Et malgré tout ce que m’ont fait subir un tas d’imbéciles, je suis et je serai toujours la même, la même que celle que j’étais aussi loin que je m’en souvienne, à l’âge de quatre ans, à l’âge de sept ans, à l’âge de quatorze ans, à l’âge de dix-sept ans, à l’âge de trente ans, de quarante-quatre ans, de cinquante-cinq ans. Et ainsi en est-il de chacun de vous. Certes il est possible de tuer un être humain, à force de lui faire du mal, mais pas de le changer, ni de le détruire. C’est-à-dire que même une fois mort, il est toujours ce qu’il fut toujours.

Alors qu’est-ce que l’appel à la conversion, au changement ? Un appel à vivre. Non pas à changer d’être, mais à changer de milieu. À quitter le milieu de la mort pour le milieu de la vie. À se laisser arracher à la mort par la vie. Qu’est-ce que le milieu de la mort ? Le mensonge. Qu’est-ce que le milieu de la vie ? La vérité.

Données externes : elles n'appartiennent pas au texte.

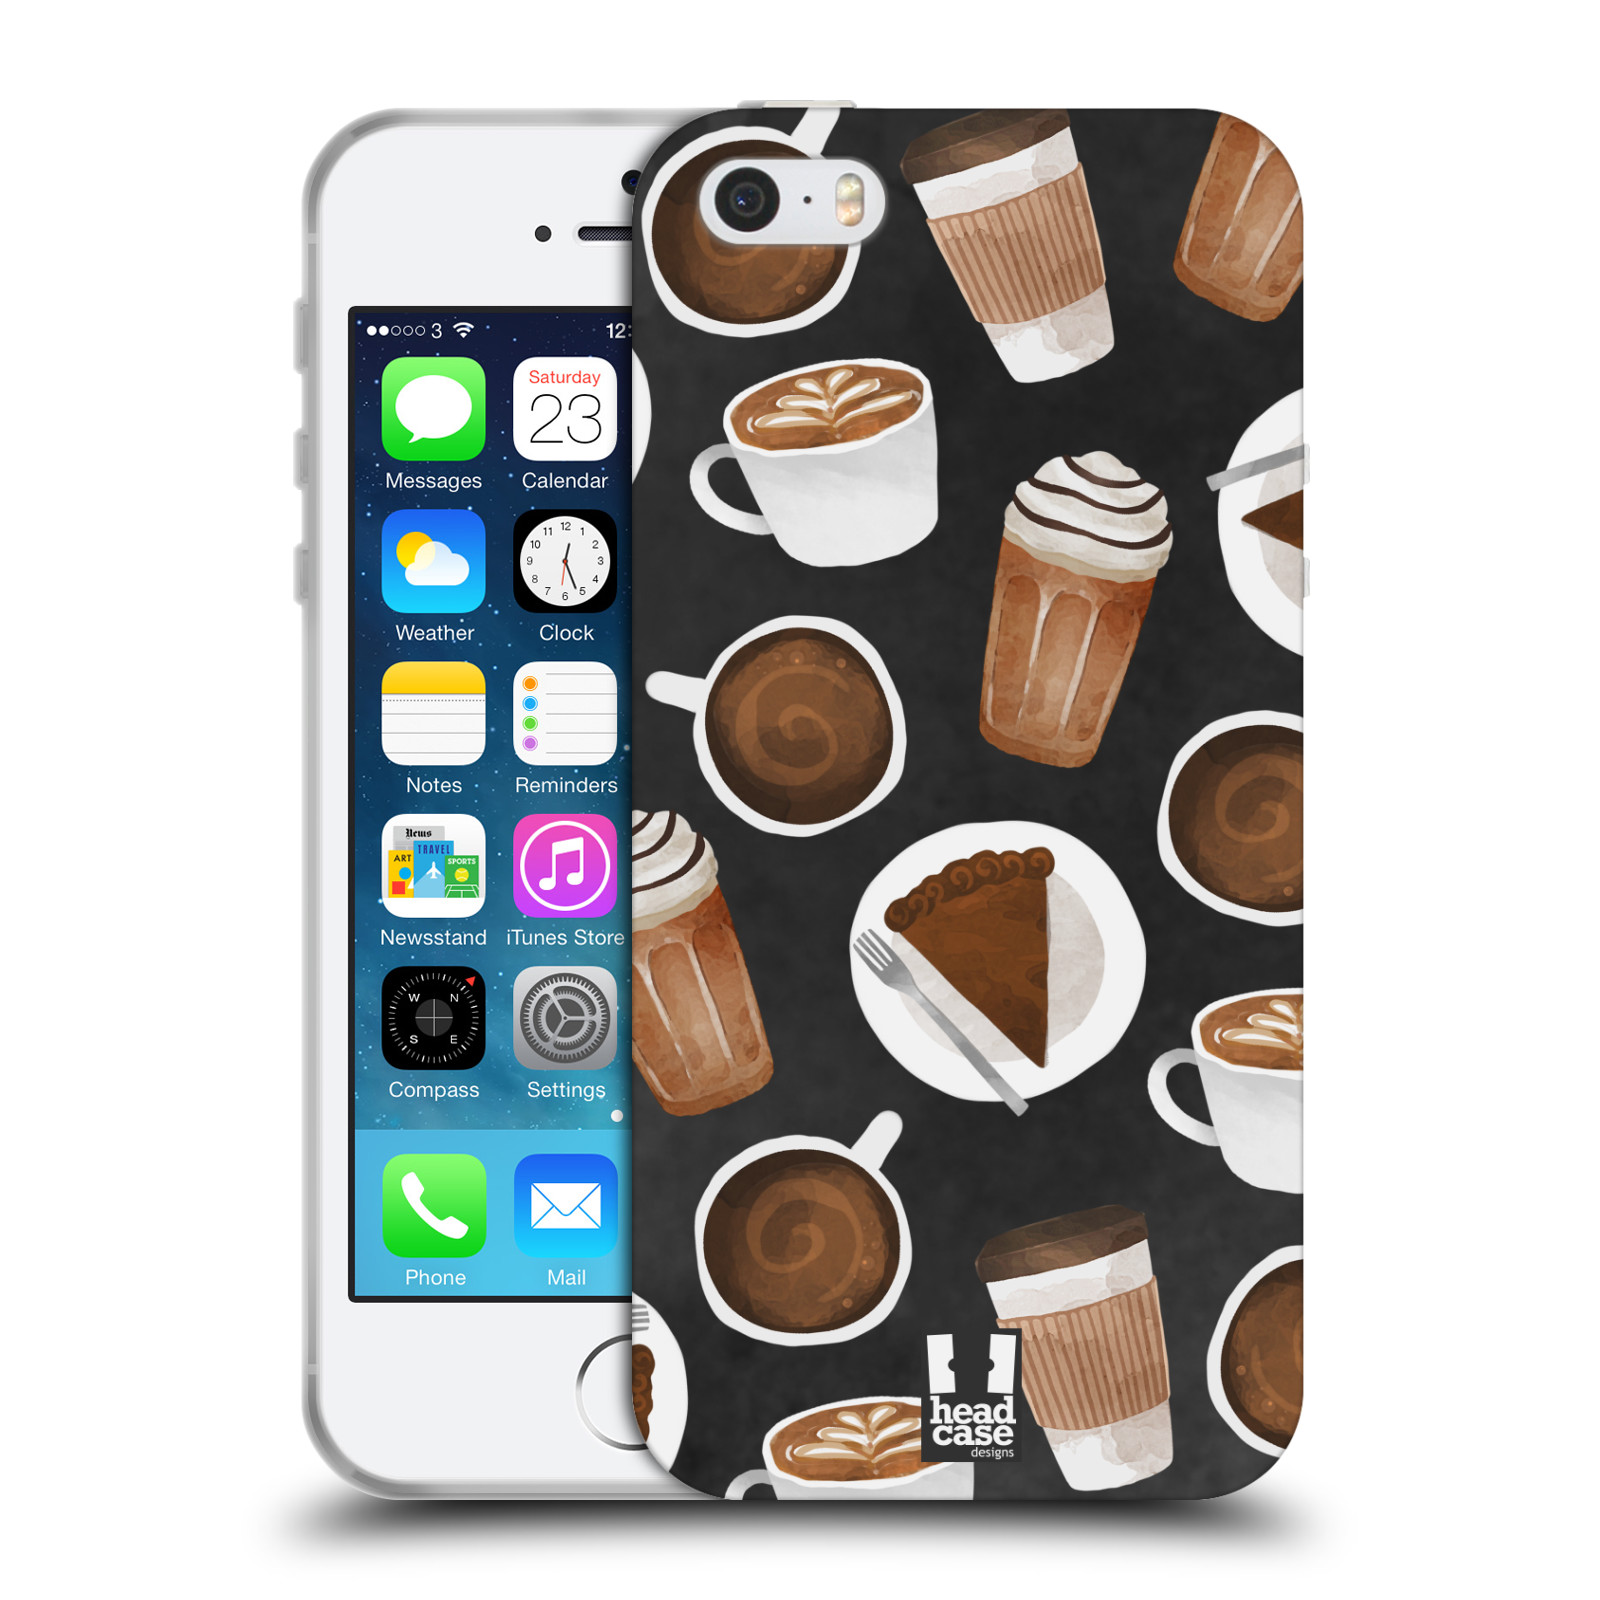 Silikonové pouzdro na mobil Apple iPhone 5, 5S, SE - Head Case - Kafíčka a dortík (Silikonový kryt, obal, pouzdro na mobilní telefon Apple iPhone SE, 5S a 5 s motivem Kafíčka a dortík)

Chaque homme sait très bien, au fond, s’il vit dans le mensonge ou dans la vérité. Souvent il ne le sait que très au fond, là où c’est sombre d’être si au fond, là où il ne regarde jamais. Mais s’il va y voir, il saura.

Chaque homme sait très bien, aussi, que le mensonge le perd, et que la vérité le sauve, même si elle semble moins facile, plus risquée, presque impossible parfois. Mais comme c’est le métier du skieur d’affronter la pente, c’est le métier de l’homme d’affronter la vérité. C’est alors, quand il s’y lance, qu’il peut commencer à connaître la délivrance qu’elle donne, et puis la grâce, et l’assurance de l’éternité. C’est alors qu’il peut savoir ce que c’est de marcher sur les eaux. De voler mieux qu’un oiseau. D’habiter partout. D’être pour toujours, au-delà du temps.